Самая большая ваша ошибка в том, что вы не видите различия между моим молчанием и молчанием такого человека, как Пятница. Пятнице недоступны слова, поэтому он беззащитен, когда изо дня в день кто-то пытается произвольно писать его портрет. Я говорю, что он людоед, и он превращается в людоеда; я говорю, что он прачка, и он становится прачкой. Где же правда? Вы говорите: он не людоед и не прачка, это просто названия, они не затрагивают его сущности, а ведь он живой человек, он — это он. Пятница. Пятница — это Пятница. Но это не так. Кем бы он ни казался самому себе (кем, в самом деле? — он не может нам этого сказать), для мира это будет образ, нарисованный мной.
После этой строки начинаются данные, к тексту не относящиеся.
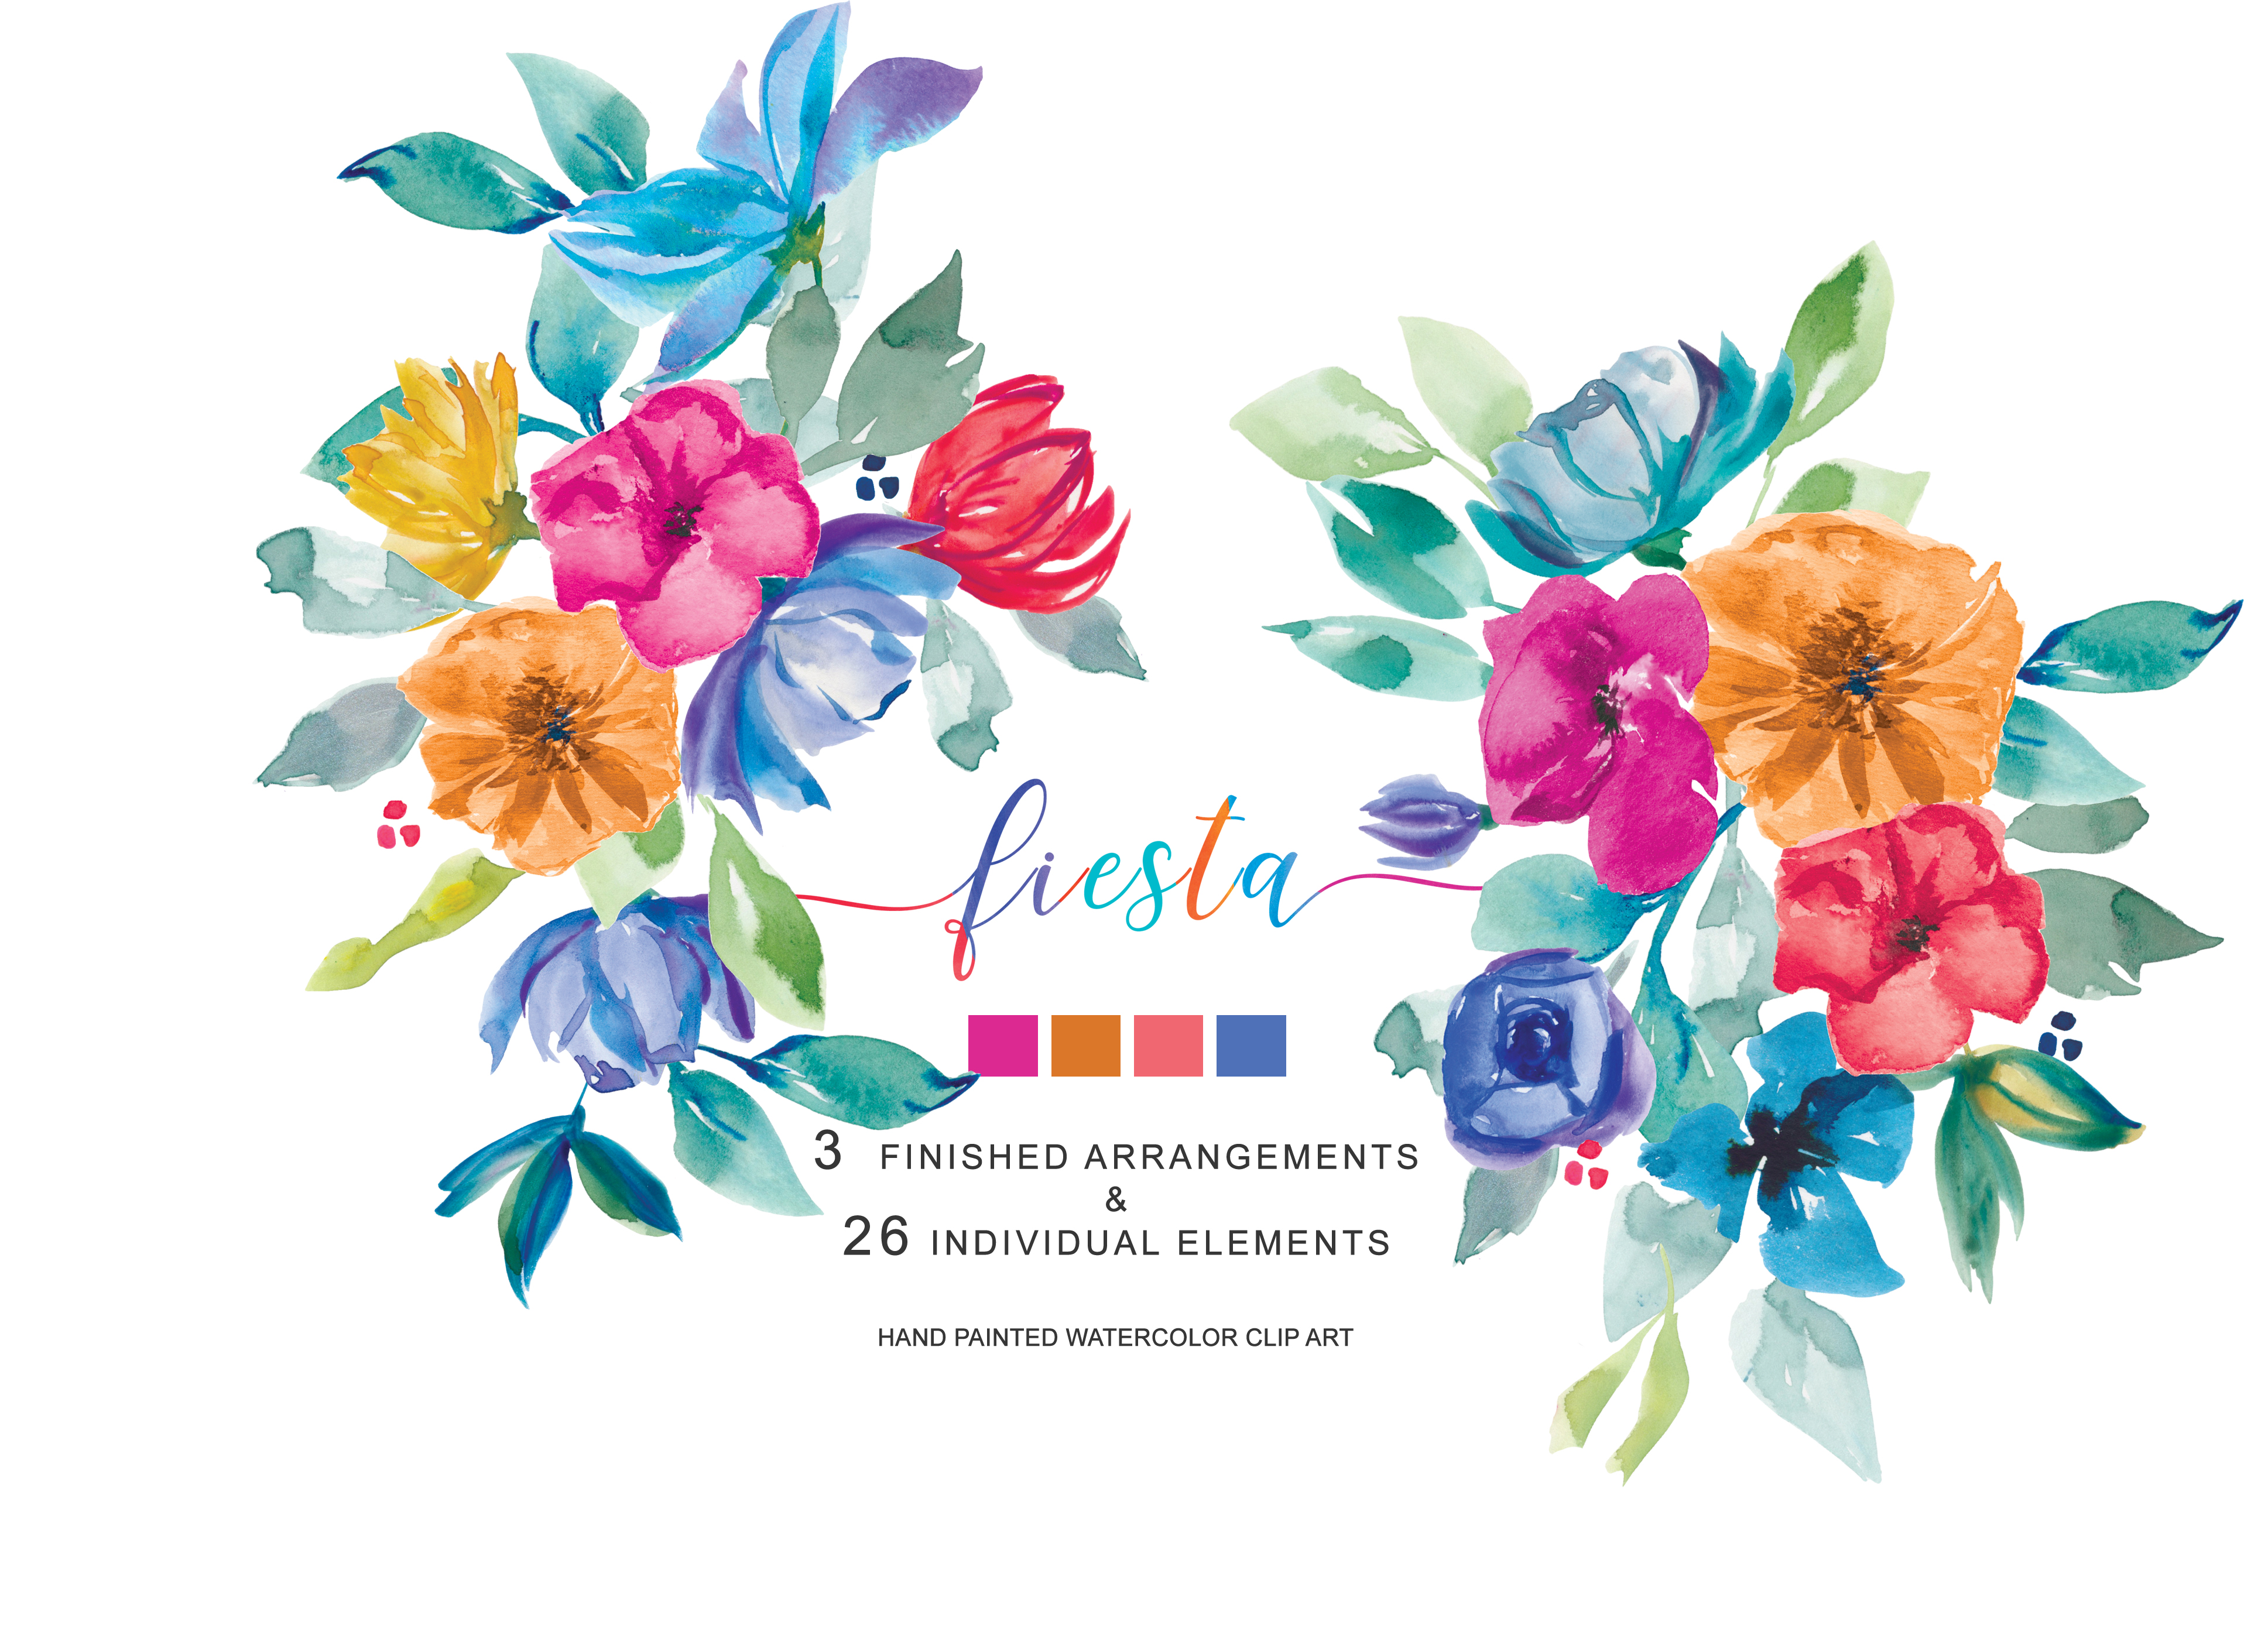 Hand Painted Colorful Watercolor and Gouache Floral Clipart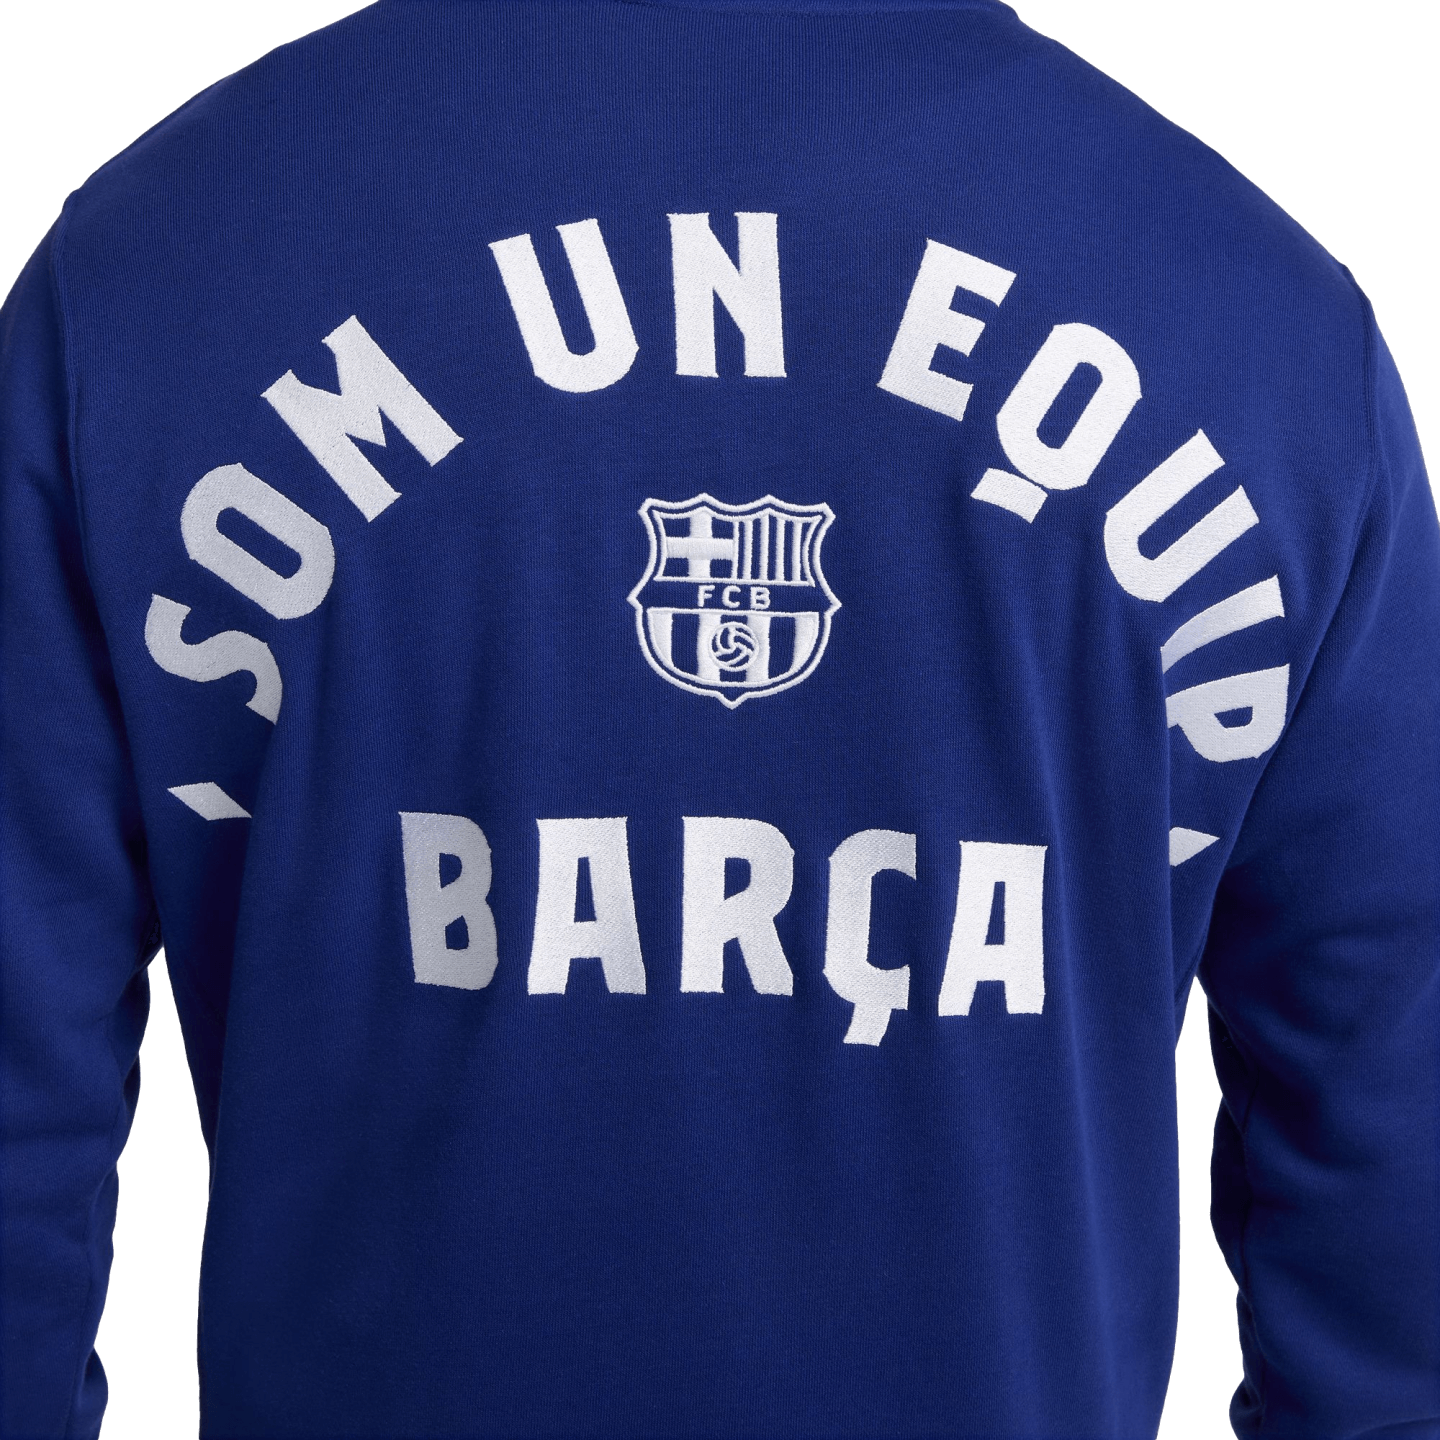 Nike Barcelona Club Fleece French Terry Pullover Hoodie

Поэтому молчание Пятницы — это молчание беспомощности. Он — дитя своего молчания, неродившееся дитя, дитя, тщетно ждущее часа рождения. В то время как молчание, которое храню я относительно Баия или других вещей, намеренное и исполненное цели, это мое собственное молчание. Я утверждаю, что Баия — это целый мир, а Бразилия — еще больший мир. Баия и Бразилия не имеют отношения к рассказу об острове, они не могут быть втиснуты в его рамки. Например, на улицах Баия негритянки носят лотки со сладостями на продажу. Позвольте, я расскажу, как называются некоторые из них. Pamonhas, индейские кукурузные лепешки; quimados, делаются из сахара, по-французски называются bon-bons; рао de milho, бисквит из кукурузной муки; pao de arros, рисовый бисквит; rolete de cana, рулет из сахарного тростника. Эти названия приходят на память, но есть множество других сладких и вкусных изделий, вы найдете их на лотке любой торговки на углу любой улицы. Представьте себе, сколько нового и незнакомого можно найти в этом огромном городе, где по улицам днем и ночью движутся потоки людей, обнаженные индианки из лесов, черные, как эбеновое дерево, дагомейцы, гордые лузитанцы, полукровки всех оттенков, где жирные купцы восседают в паланкинах, которые носят их рабы посреди процессий флагеллантов и кружащихся танцоров и торговцев едой и толп, устремляющихся на петушиные бои.